I am doing a 2D extended maximum likelihood fit in RooFit (primarily binned but I am also summarizing the results from the unbinned version of it).
Data-Set = Signal (peak in both the variables ) and background (flat in both the variables)
(the reason of 2D fit is I have other backgrounds which are peaking, but for now, to isolate the problem I just mention flat background).
Below are the results from binned and unbinned extended maximum likelihood fits. All the pdf shape parameters are fixed except the mean, all the yields are floated. I see a consistent bias in the yield returned from fitter, a big fraction of Signal events are always assigned to background.
|All yields fixed to expected value
||-2.45235 X 107
||-2.45266 X 107
||-2.45236 X 107
||-2.45267 X 107
Between the first and second row the chi2/ndf changes by a large amount whereas the log likelihood value change doesn’t look very significant ?.
Does anyone know what might be the reason for this bias?
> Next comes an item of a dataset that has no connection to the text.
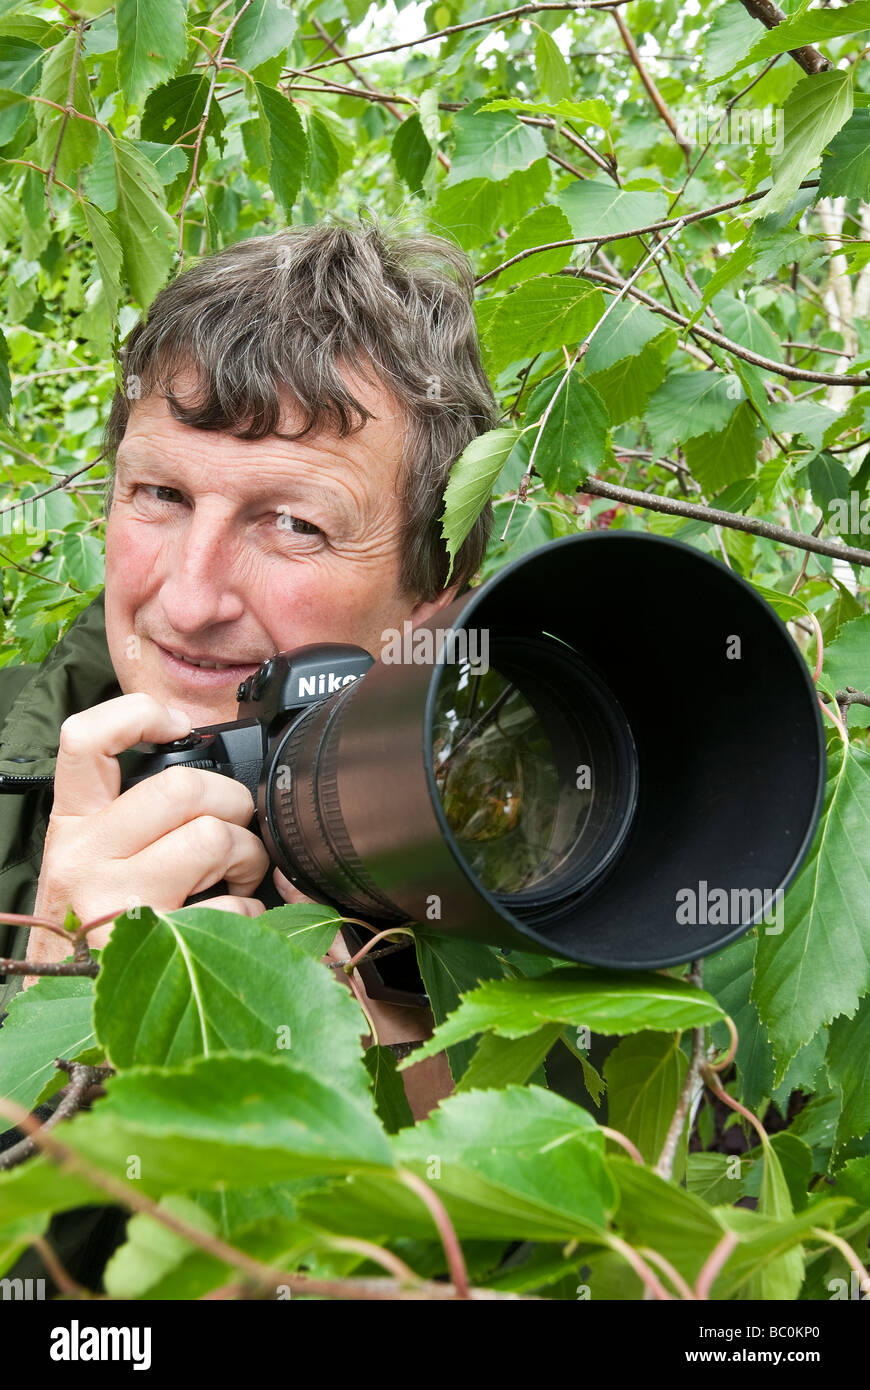 A wildlife photographer. - Stock Image

I also try to do the chi-square fit and couldn’t make sense of the results either
Below table summarizes the result from each method:
When the yields are floated, fitter converges to a higher value for RooChi2Var, while by definition it should converge to the least chi-square value.
Also what is the difference between # returned by FCN and the one returned by RooChi2Var::getVal()
I think we are missing a crucial piece to get the full picture: What did you do to get the
I remember that one (of probably multiple) ways to obtain
chi^2 does the
ndf correction, but
ndf has a different meaning than what you might think. I would need to look up what the function you used is doing to get the details right.
If the problem is in the determination of
ndf, it’s not surprising that you get different results when you change
ndf by floating more fit parameters.
To obtain the Mdz chi2/ndf and Delm chi2/ndf , I have used the following code:
mdz_frame->chiSquare() , deltam_frame->chiSquare()
deltam_frame are the frames used to draw 1d projections of my 2d fit pdf.
To obtain the values in 5th row, 4th and 8th column I am using:
RooChi2Var chi2_val("chi2_val","chi2",mdzdel1,ds1) ; chi2_val.getVal() ;
mdzdel1 is 2d fit pdf and ds1 is binned data-set on which chi-squared fit is performed.
Ok, so what you are seeing are chi^2 referring to different things.
- Check the documentation for RooPlot::chiSquare. It compares a curve that has been plotted with the data distribution. Here’s the catch: It doesn’t have a way to know how many fit parameters were used to arrive at the curve.
That explains the difference you are seeing when you use more or less floating parameters. Without the correction, it will always assume that no parameters were floating.
You therefore must apply a correction. The number of floating parameters can be retrieved from the fit result, or you do it manually.
- The RooChi2Var doesn’t do any NDF correction according to its documentation here. I guess you have to apply it.
Further note that in order to get properly normalised PDFs, you have to say what the observables are. Check if
chi2_val.getVal(RooArgSet(x, y)) are different (with the respective observables in your setup).
Hi @StephanH. Thanks for the reply. (Half problem solved)
Here are the new set of results for chi-square fit:
1> To get # of floating parameters I have used:
RooArgSet *flparams = mdzdel1.getParameters(observables);
int nparam = (flparams->selectByAttrib("Constant",kFALSE))->getSize();
So the new chi-square/ndf values are little higher than previous ones since ndf get reduced by the # of floating parameters.
2> To get the raw chi-square value I am doing:
RooChi2Var chi2_lowstat("chi2_lowstat","chi2",mdzdel1,ds1,Extended(kTRUE)) ; chi2_lowstat.getVal(observables);
so I added the option Extended(kTRUE) and this chi-square value matches with FCN now.
Also, adding observables in chi2_lowstat.getVal(observables); doesn’t make a difference.
3> Now, when the yield parameters are floated the fitter converges to a lower chi-square value than the one when the yields are fixed, since by definition the MINUIT is trying to find the least chi-square FCN.
All clear until here
But the chi-square values from 1d projections are much higher (8.71,8.94) in this case (yields floated) vs (1.26,1.56), do you know what might be the reason for the disagreement between 1d and 2d chi-square values ??
Thanks a lot for your time @StephanH
nice work working out the NDF correction!
For the difference between 1D and 2D, I have two ideas:
- NDF needs to be computed properly. Remember that in the 2D case, you have to compute NDF yourself because it’s only returning raw chi2 values. So you need the number of bins in 2D, and subtract the number of parameters.
- Bin volume correction. The
Chi2Var computes as follows:
Chi2 = Sum_bins (<pdf probability> * <nData_tot> * <binVolume> - nData_bin)^2 / error^2
The chi2 after plotting computes:
Chi2 = Sum_<curvePoints> (nData_bin - <integrate curve over bin> / binWidth)^2 / binError^2
This topic was automatically closed 14 days after the last reply. New replies are no longer allowed.